Sensors send MQTT messages to the server. Each message contains one or more measurements. Measurements contain one or more data points, which consist of an attribute (e.g., temperature) and a value (e.g., 23.1). Each data point is associated with the time Tenta received it, as well as the time it was measured and, optionally, the revision that was in use at the time.

Values are sent as JSON numbers and stored as 64-bit double-precision floating-points. You cannot send strings or binary objects. This is a compromise between flexibility and efficiency that we've rarely found to be limiting in practice. Note that you can represent integers and booleans as floats.

Evolving measurement formats

You can freely evolve a sensor's measurement format by sending new or dropping old attributes. Changing a sensor's measurement format does not require changes to Tenta. Sensors can also use multiple different measurement formats at the same time. Similarly, sensors can send partial measurements, i.e., measurements that only contain a subset of attributes.

Note that although measurements are very flexible, once they are stored in the database, they are immutable. You cannot rename attributes, but you can always add new attributes. If you need to update values retroactively, your best option is to do this during processing.


Export

The server stores measurements in the measurement table.

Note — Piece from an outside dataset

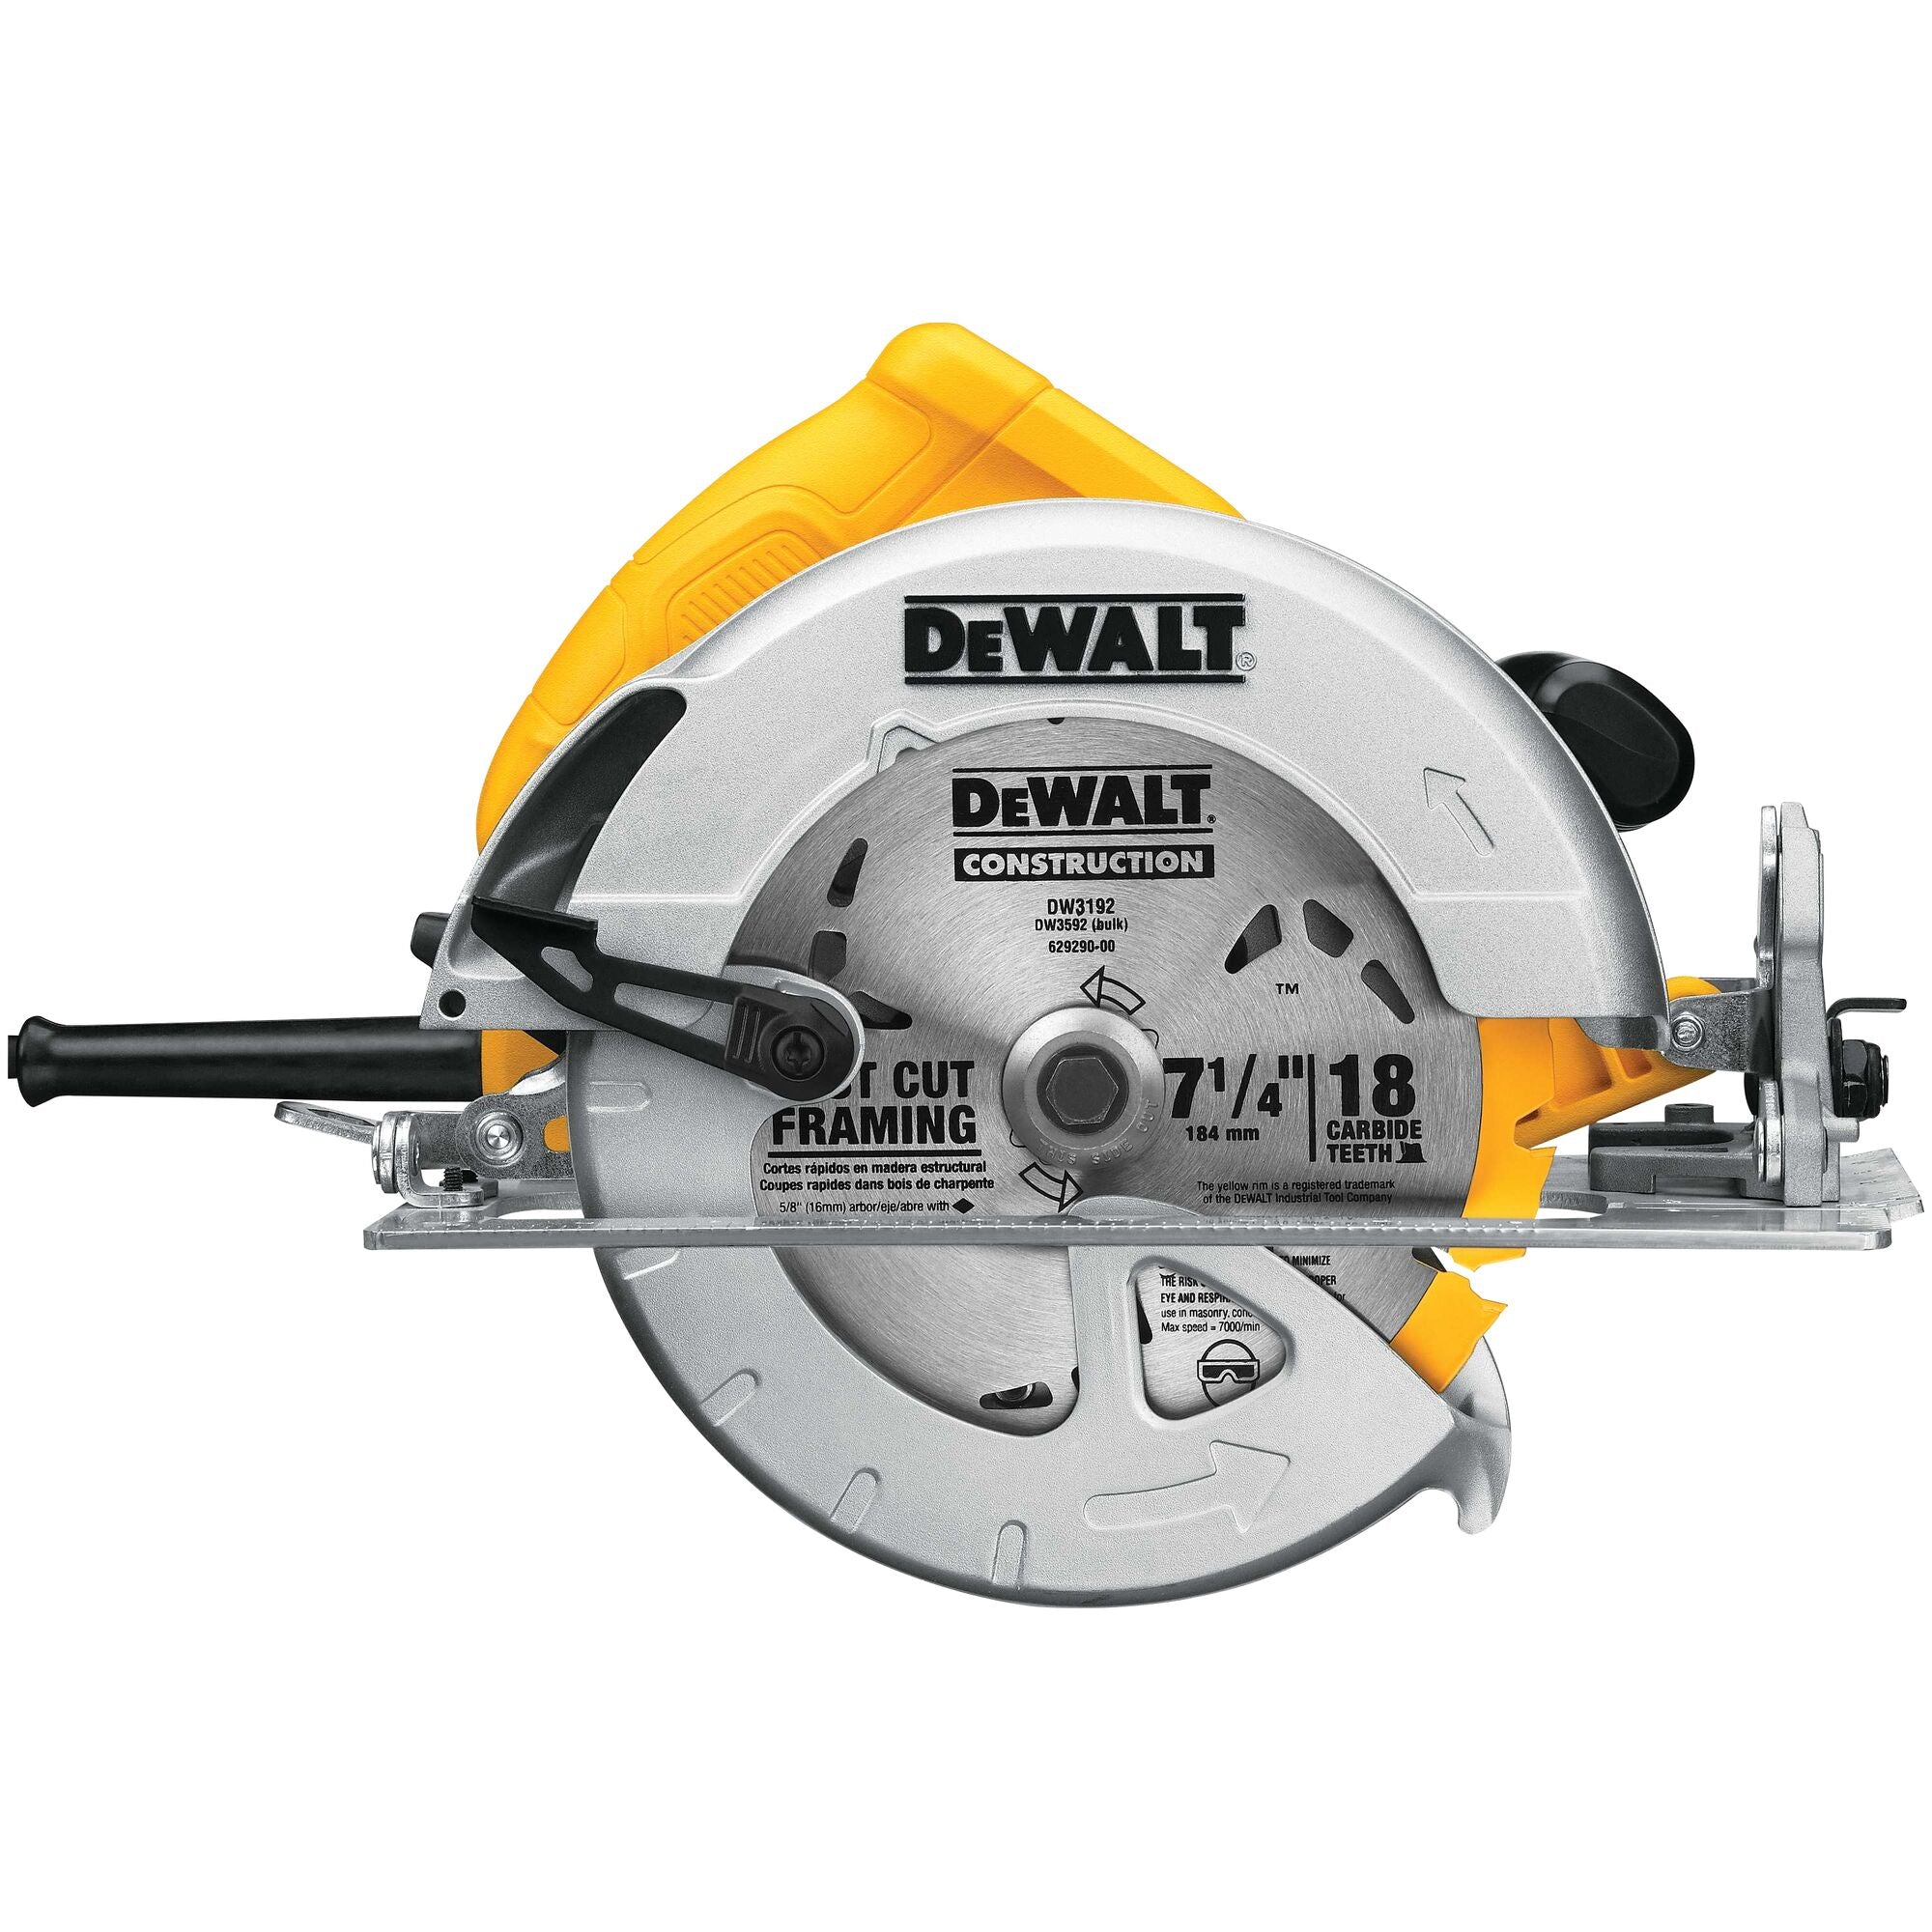 DeWALT DWE575 Circular Saw Corded 15.0 Amp
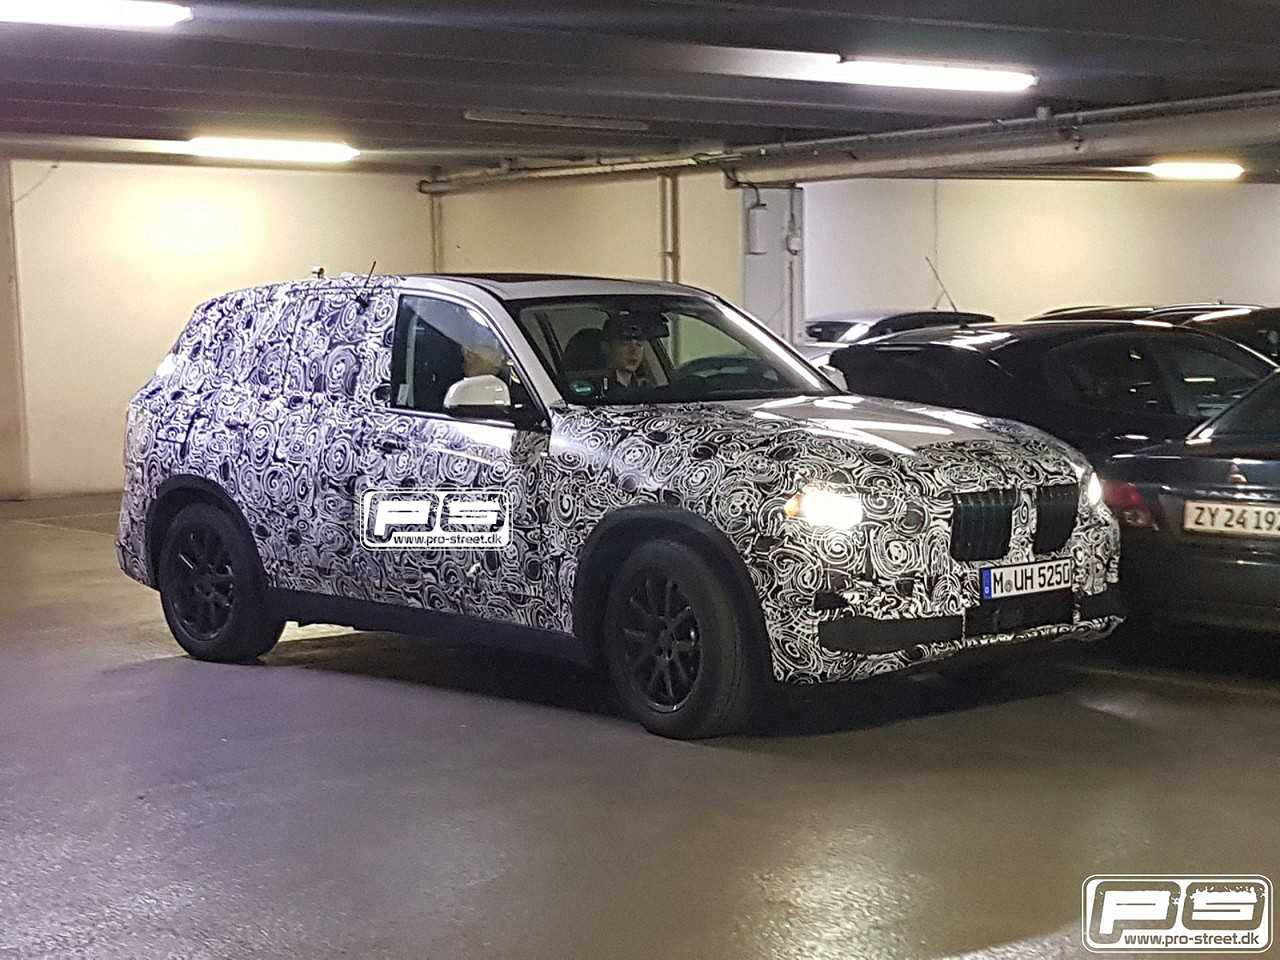 Nova gerao do BMW X5 realizando testes finais de validao (imagens: Pro-Street.dk)

This table has the following columns:

  • sensor_identifier (UUID): The identifier of the sensor that made the measurement.
  • attribute (TEXT): The name of the attribute that was measured.
  • value (DOUBLE PRECISION): The value of the measurement.
  • revision (INT): The revision of the configuration associated with the measurement.
  • creation_timestamp (TIMESTAMPTZ): The time at which the measurement was made.
  • receipt_timestamp (TIMESTAMPTZ): The time at which the server received the measurement.

The most flexible way to process these measurements further is to download them locally. You can access the database from any programming language and with any PostgreSQL client library.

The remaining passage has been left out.